<<<<

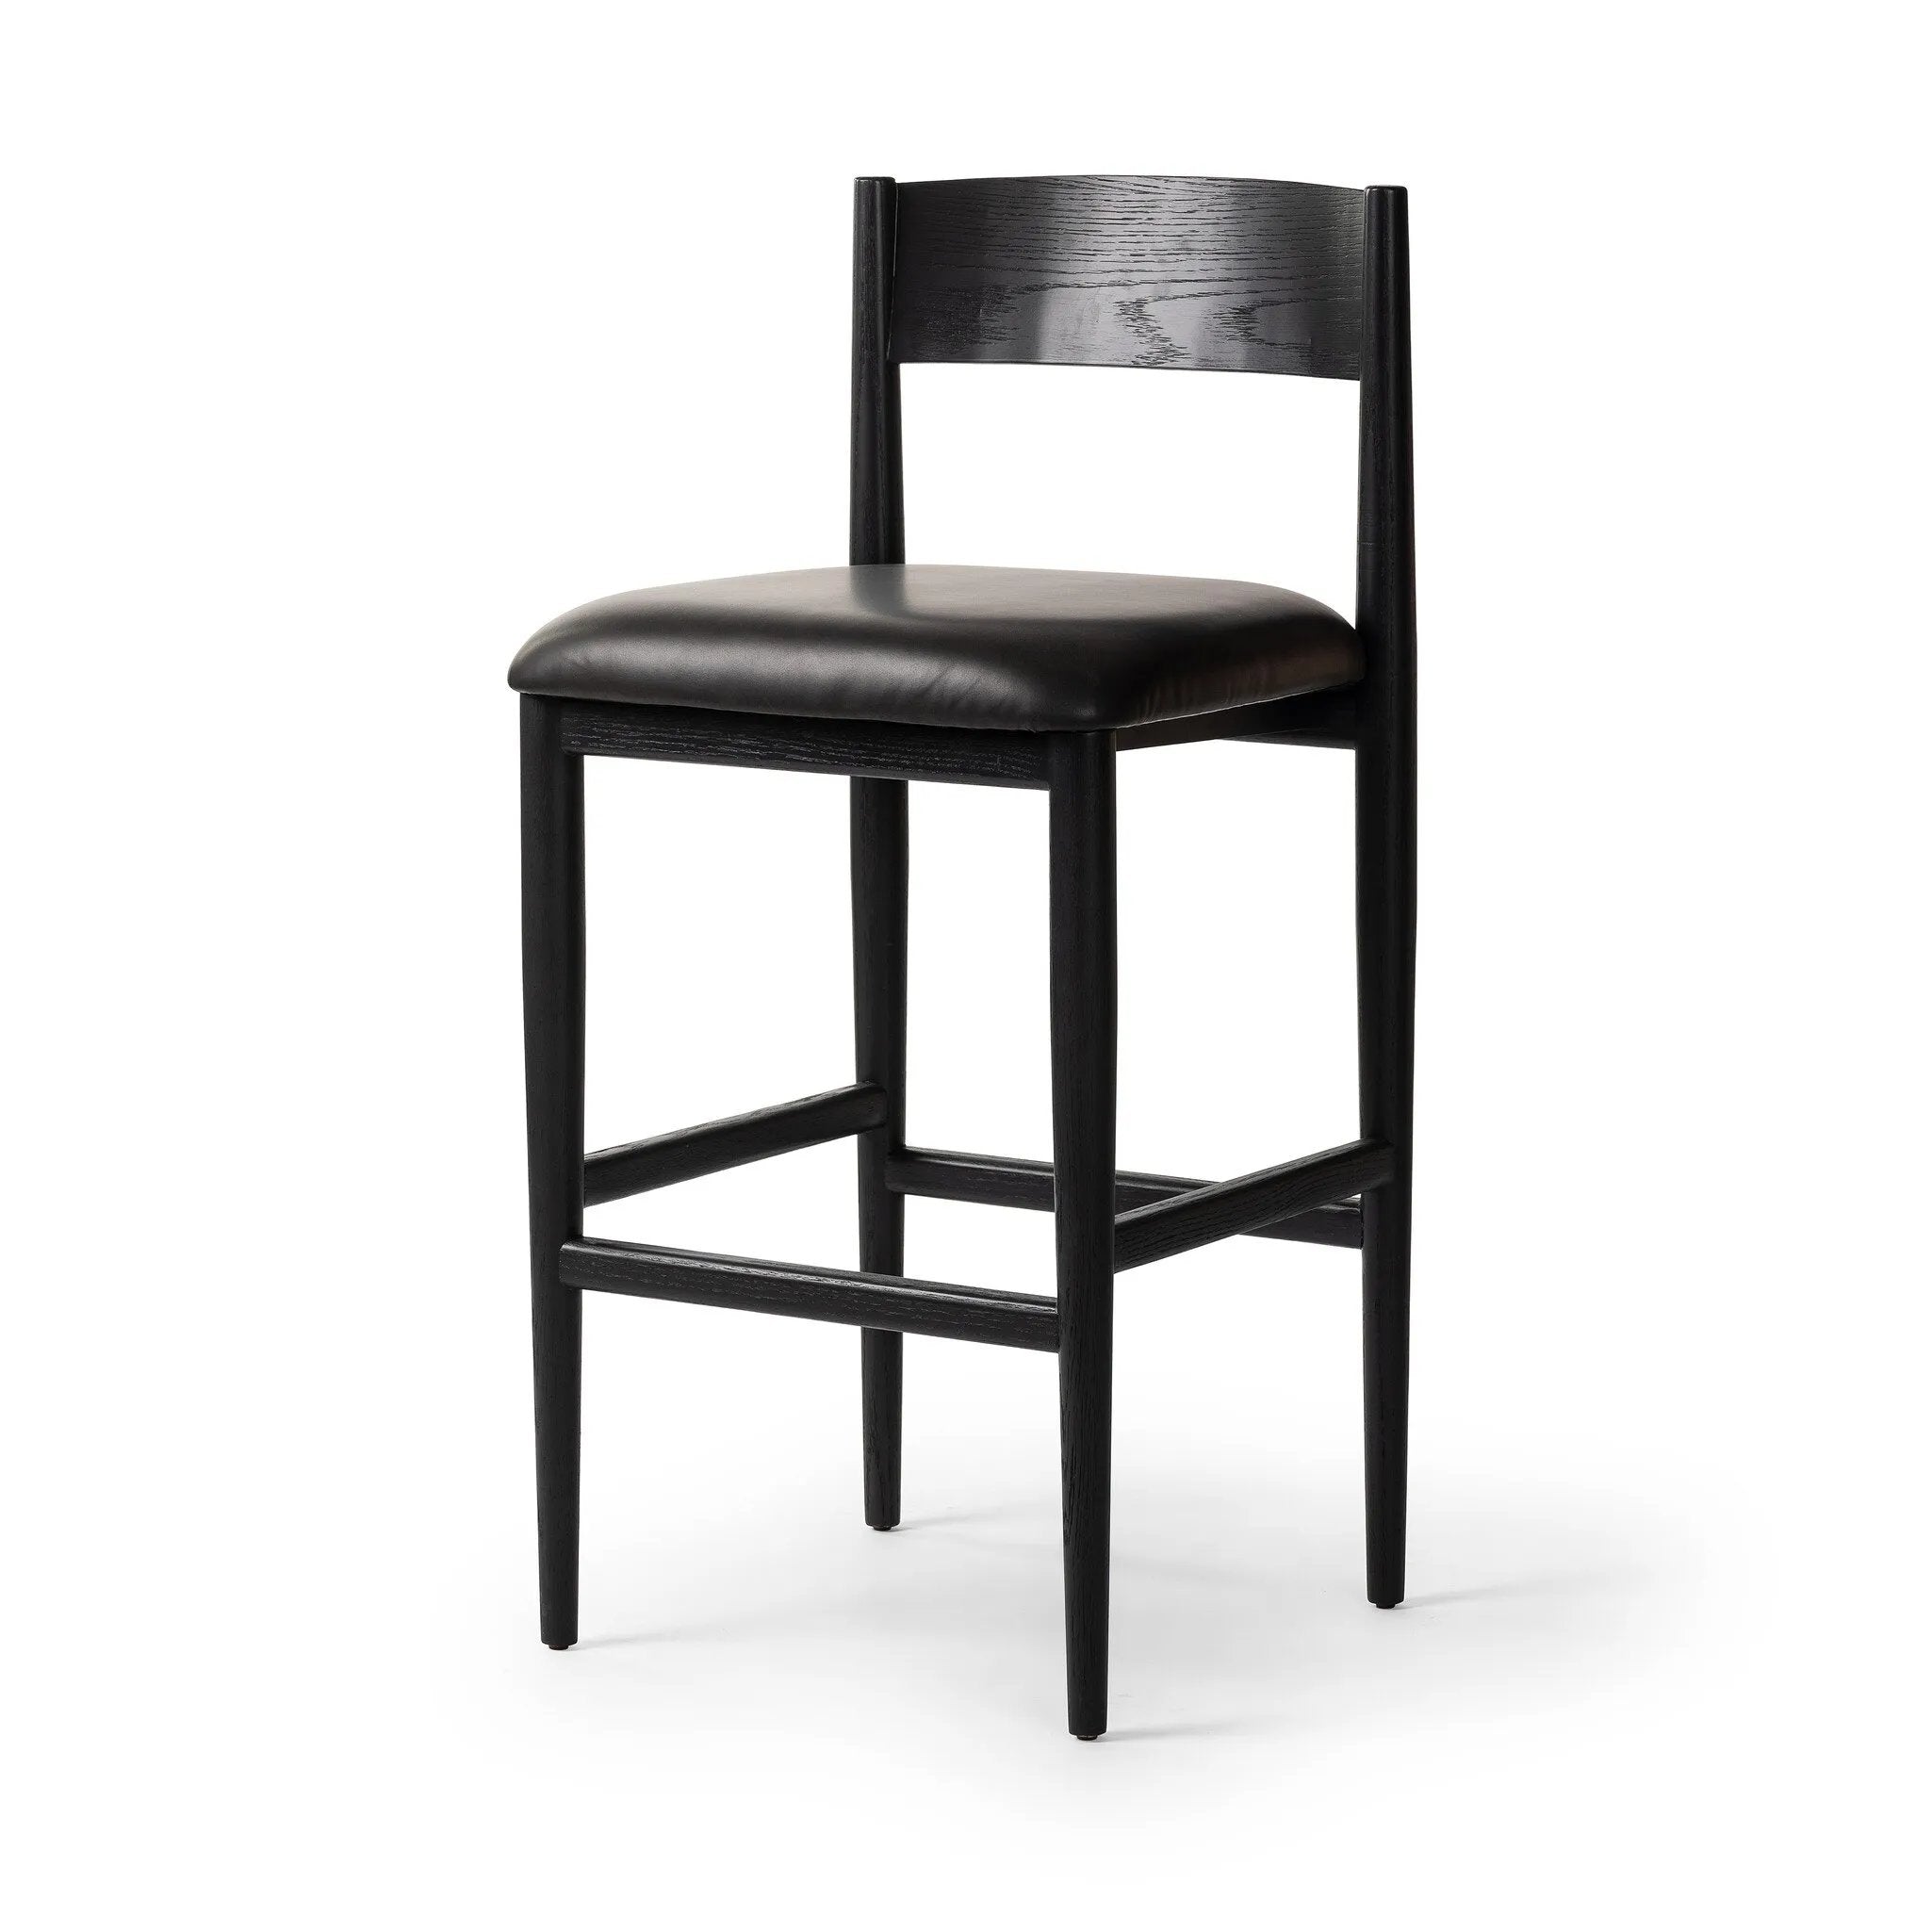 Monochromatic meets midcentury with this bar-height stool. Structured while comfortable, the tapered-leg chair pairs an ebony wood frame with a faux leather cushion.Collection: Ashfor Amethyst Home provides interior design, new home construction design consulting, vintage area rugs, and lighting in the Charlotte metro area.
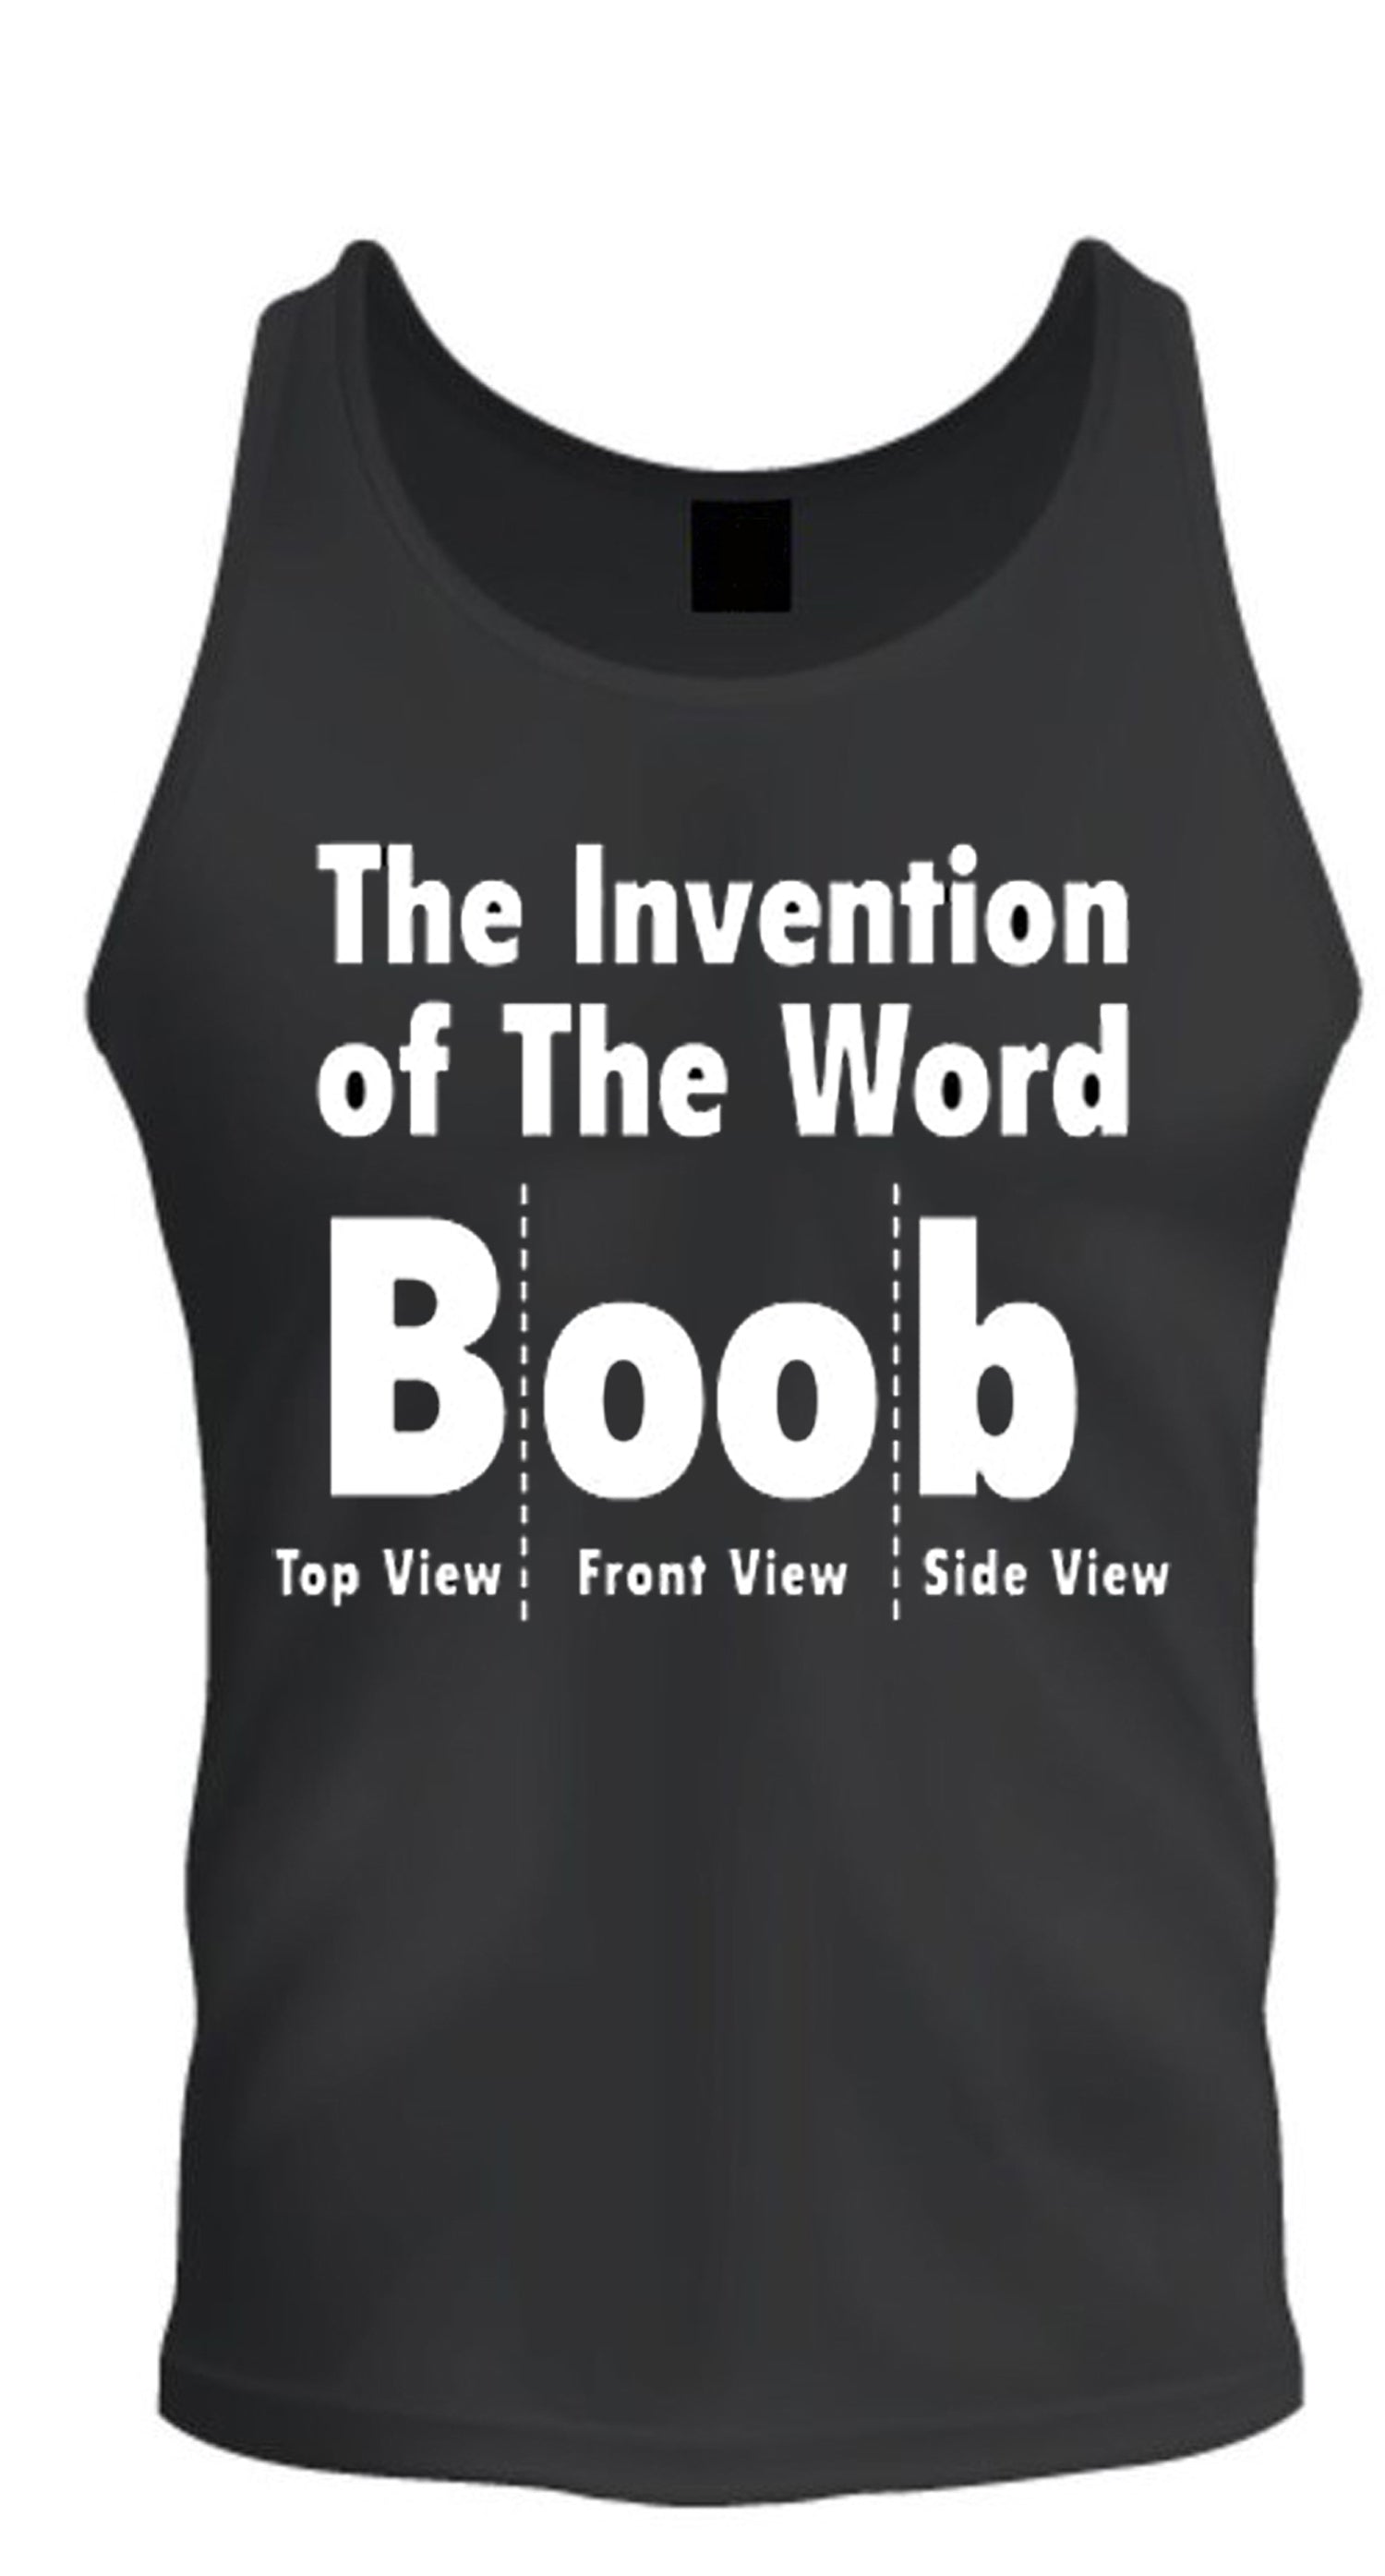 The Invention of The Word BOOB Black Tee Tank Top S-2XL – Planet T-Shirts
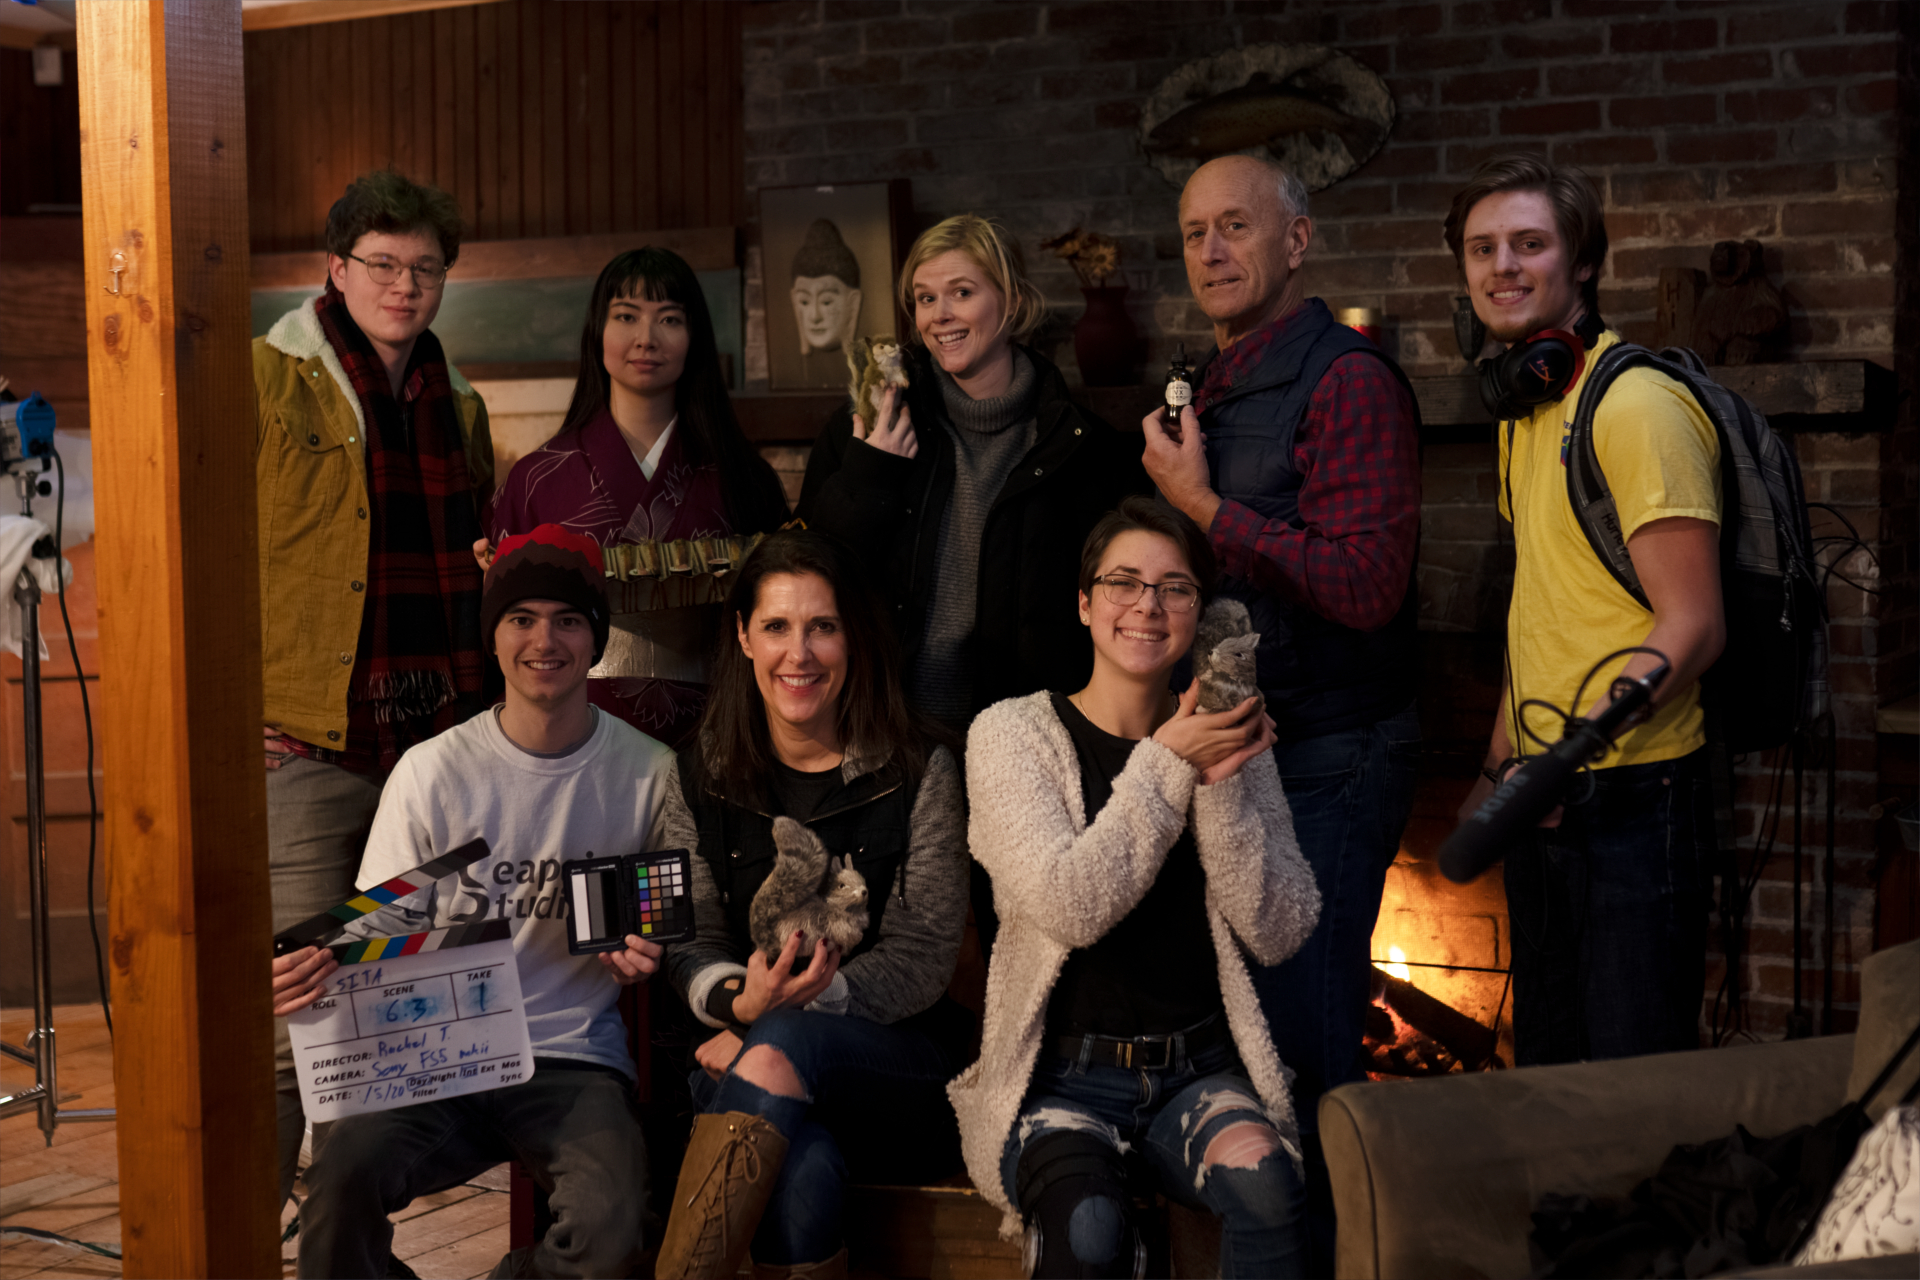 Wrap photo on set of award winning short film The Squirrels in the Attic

>>>>

● What this task involves: Pictures are to be omitted. Print exactly the lines from the line containing "The Invention of" through the final line of the material above, both included.

● Result of this exercise:
 The Invention of The Word BOOB Black Tee Tank Top S-2XL – Planet T-Shirts
 Wrap photo on set of award winning short film The Squirrels in the Attic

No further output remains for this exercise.